EXERCISE DATA |

-- Opening Marker --

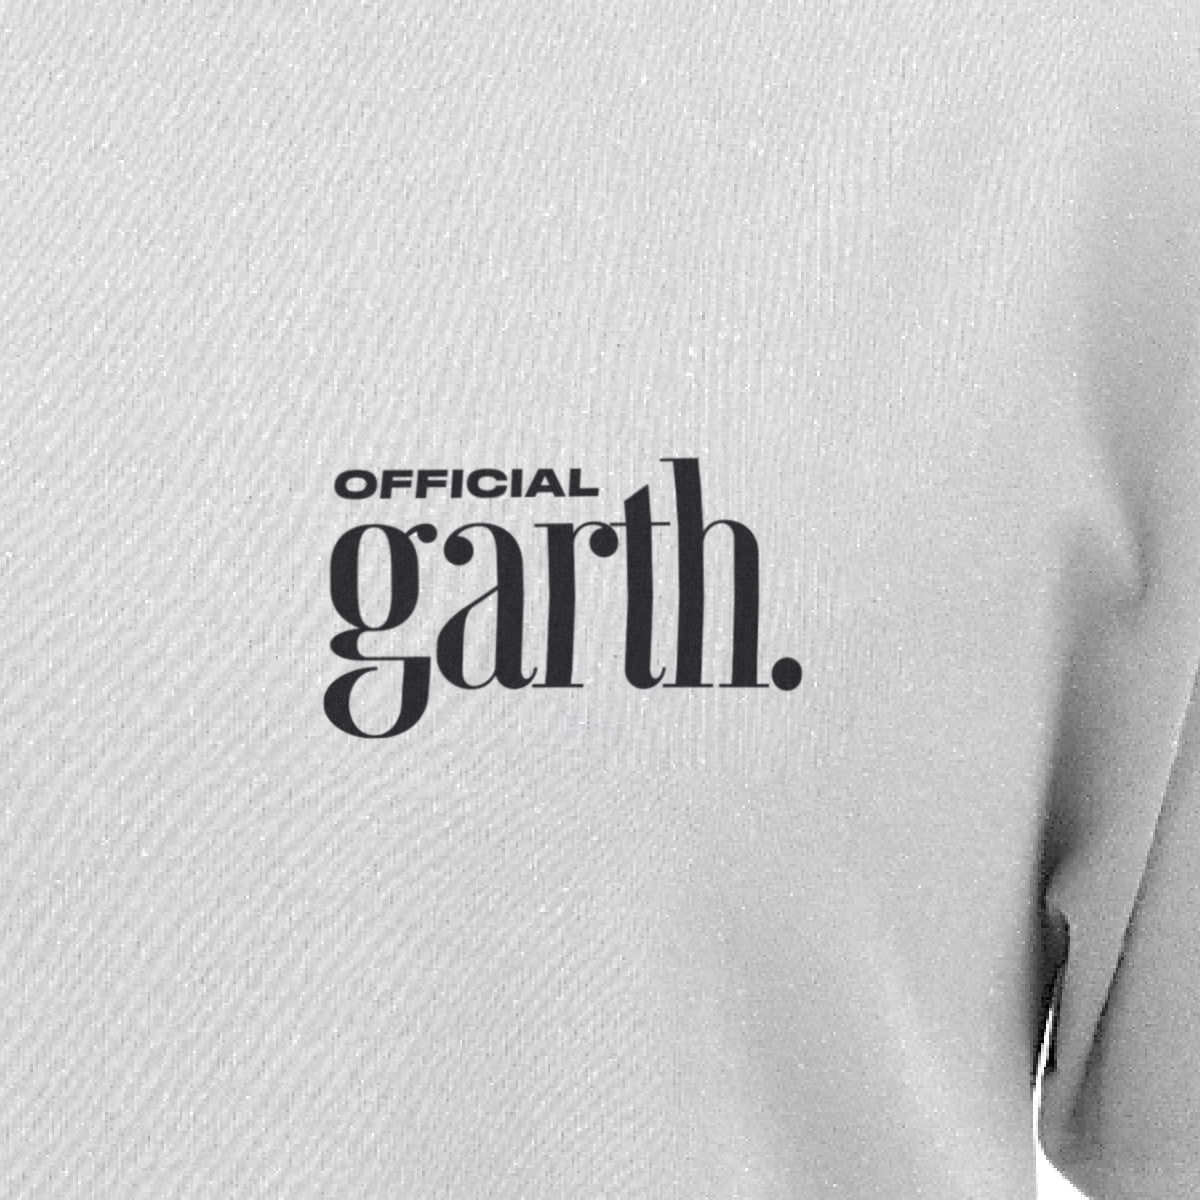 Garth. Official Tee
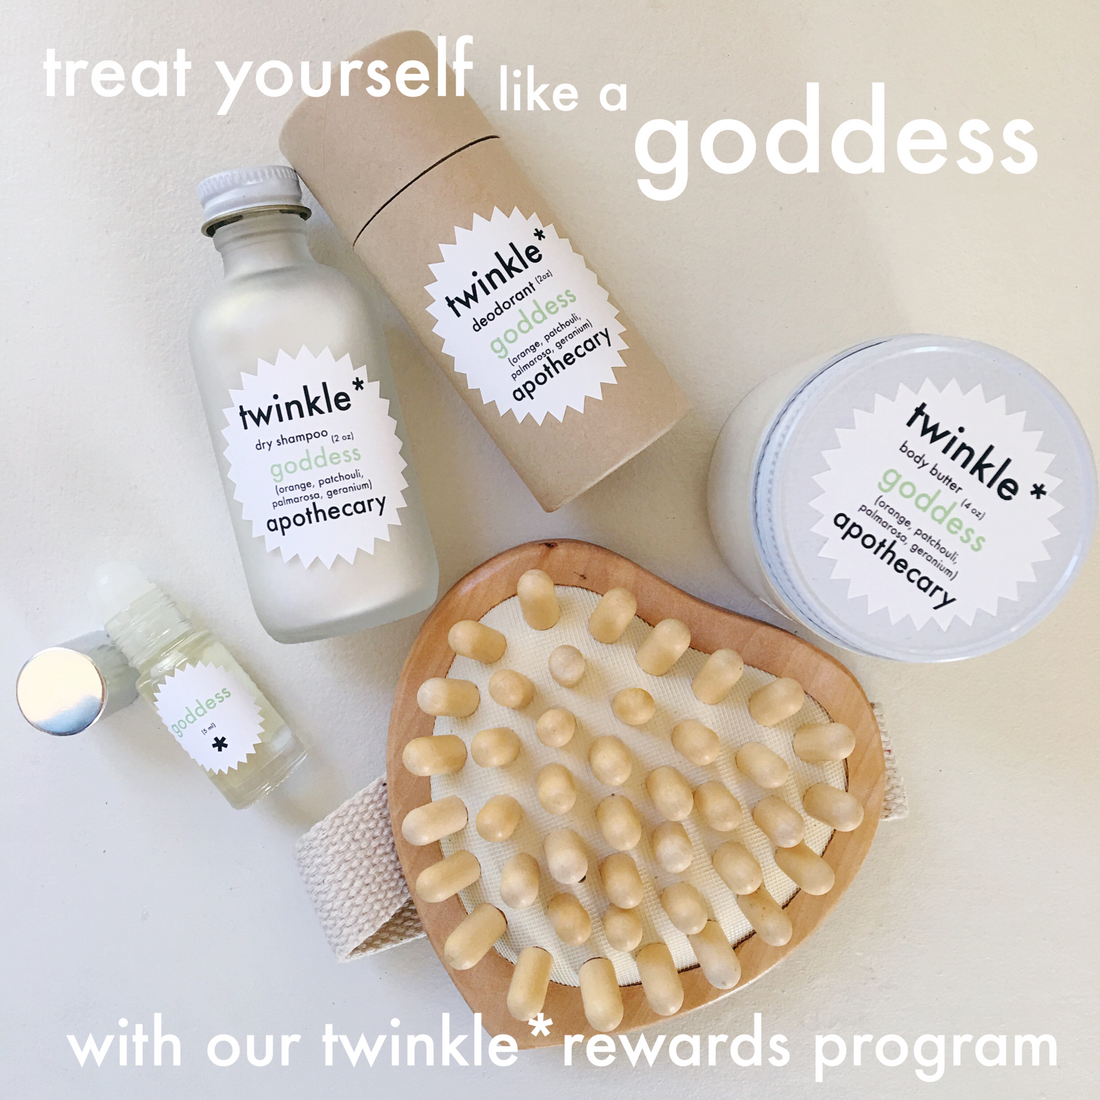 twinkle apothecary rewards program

-- Closing Marker --
-- Opening Marker --

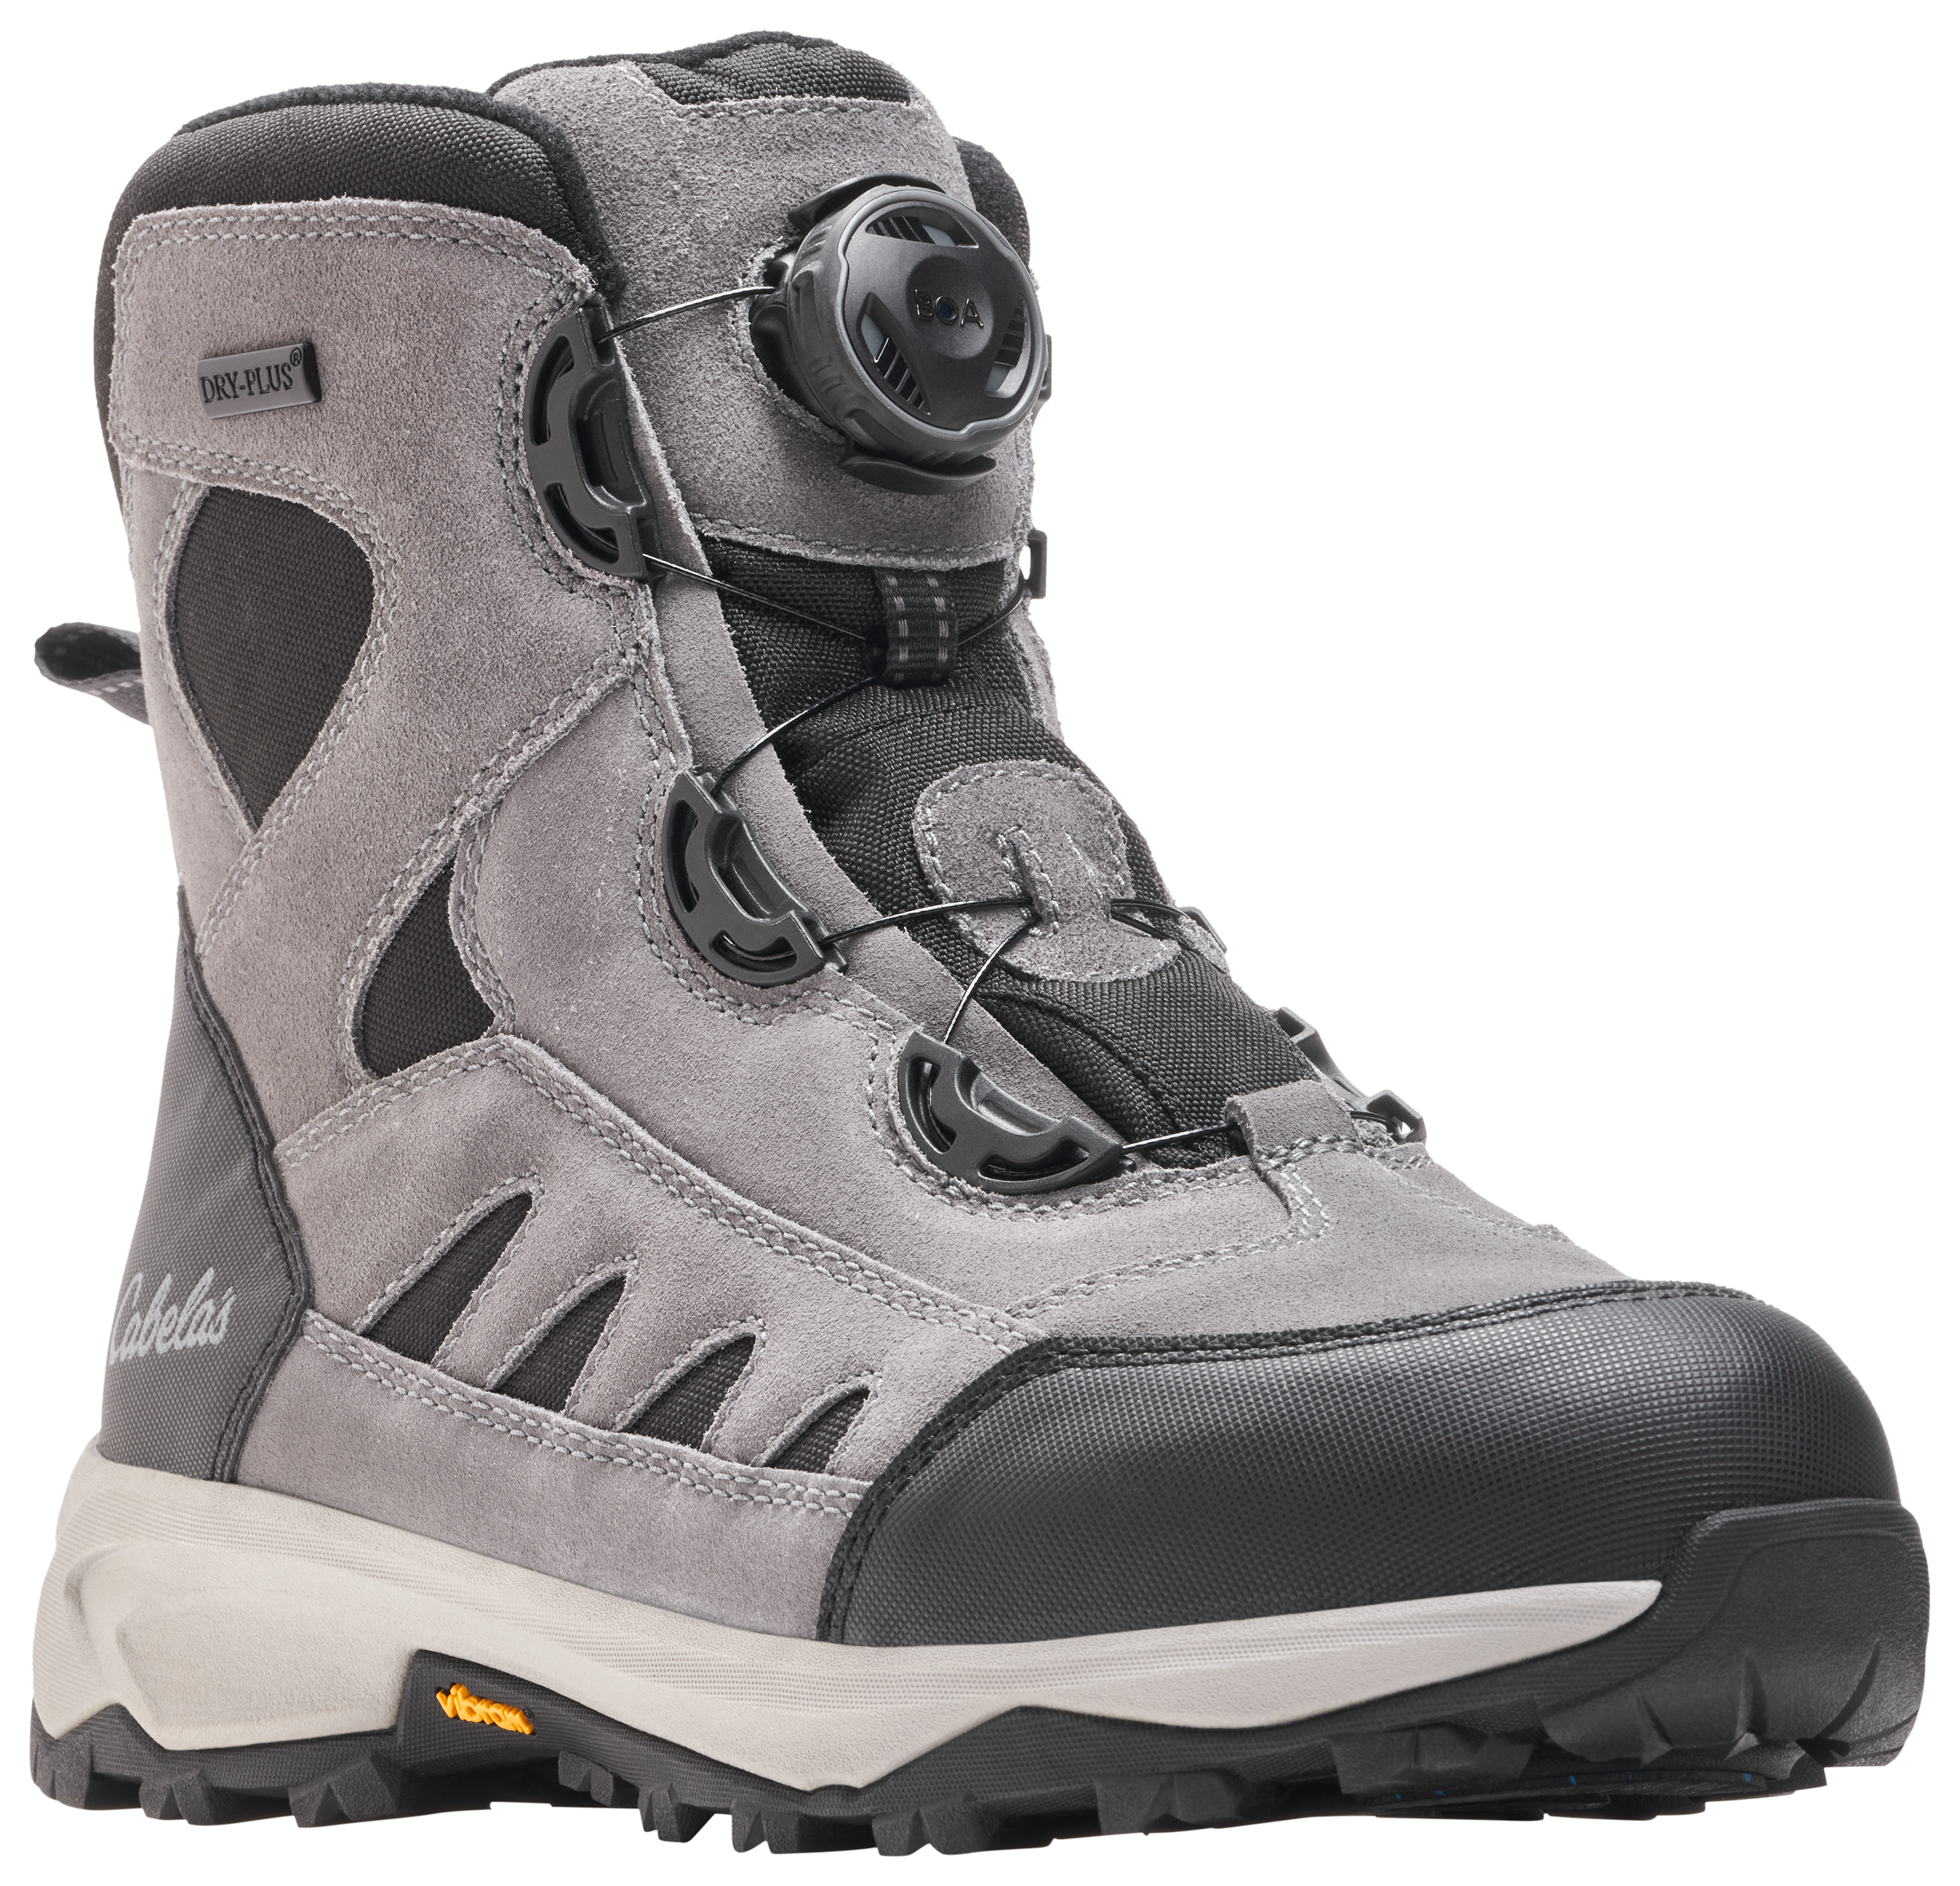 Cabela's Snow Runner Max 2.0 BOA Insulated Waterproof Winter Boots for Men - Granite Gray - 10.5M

-- Closing Marker --
-- Opening Marker --

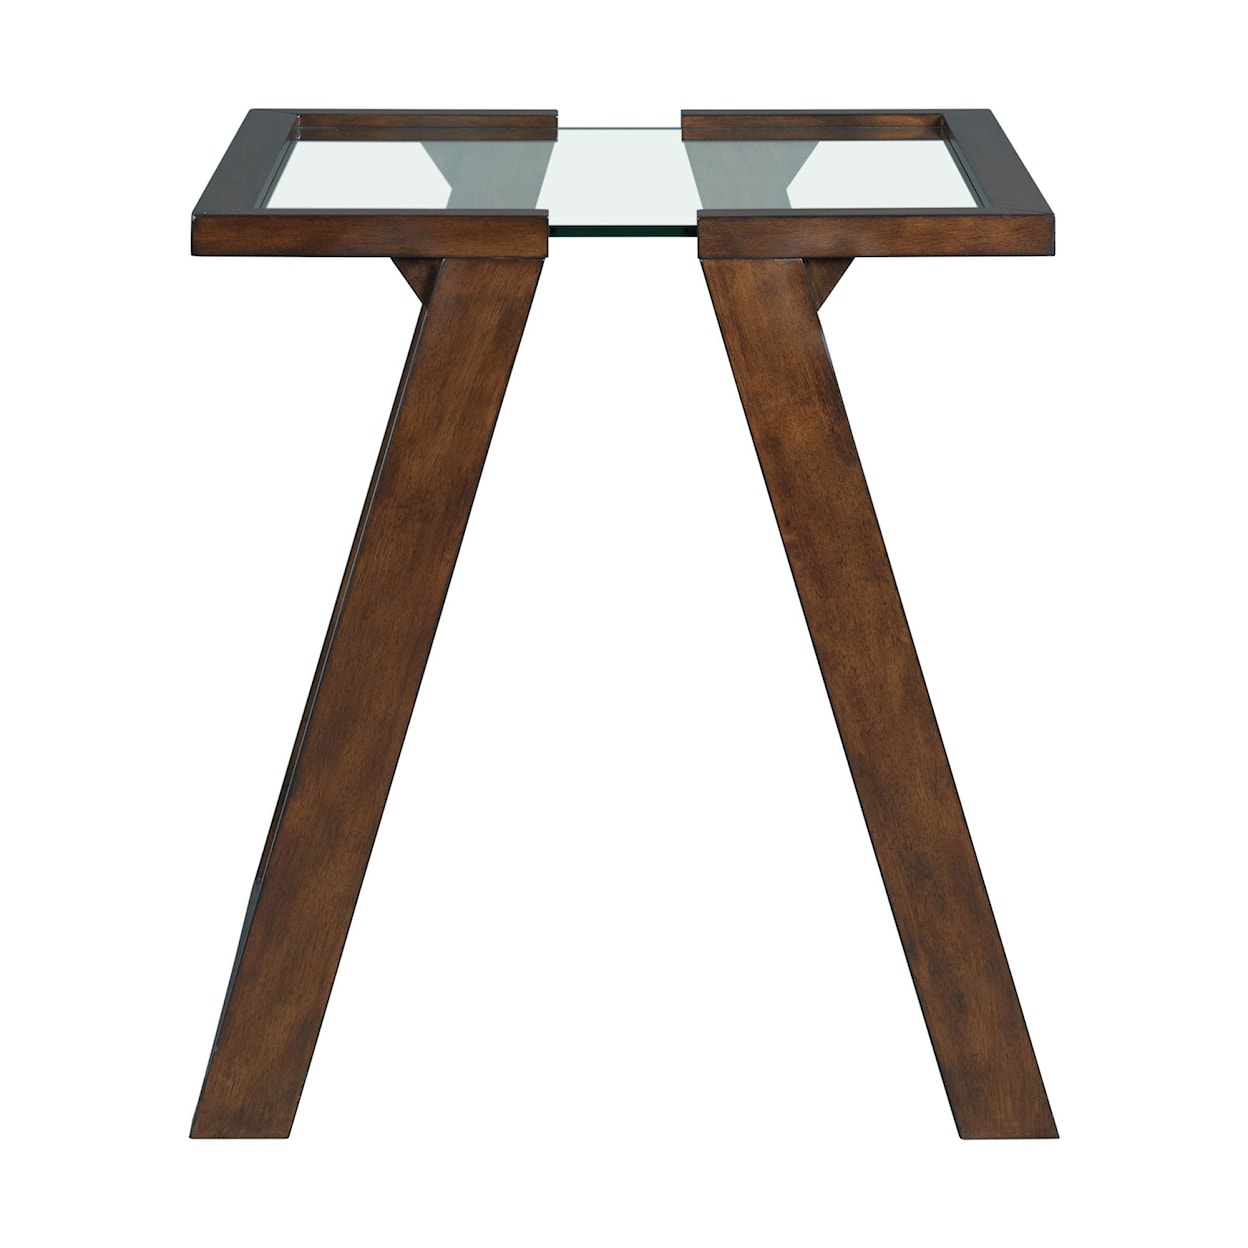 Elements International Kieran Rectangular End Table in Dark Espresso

-- Closing Marker --

PROBLEM REQUIREMENTS | Repeat only the stretch of data above that runs from the line with "Garth. Official Tee" to the line with "twinkle apothecary rewards program". Keep both end lines; exclude pictures.

PROBLEM SOLUTION |
 Garth. Official Tee
 twinkle apothecary rewards program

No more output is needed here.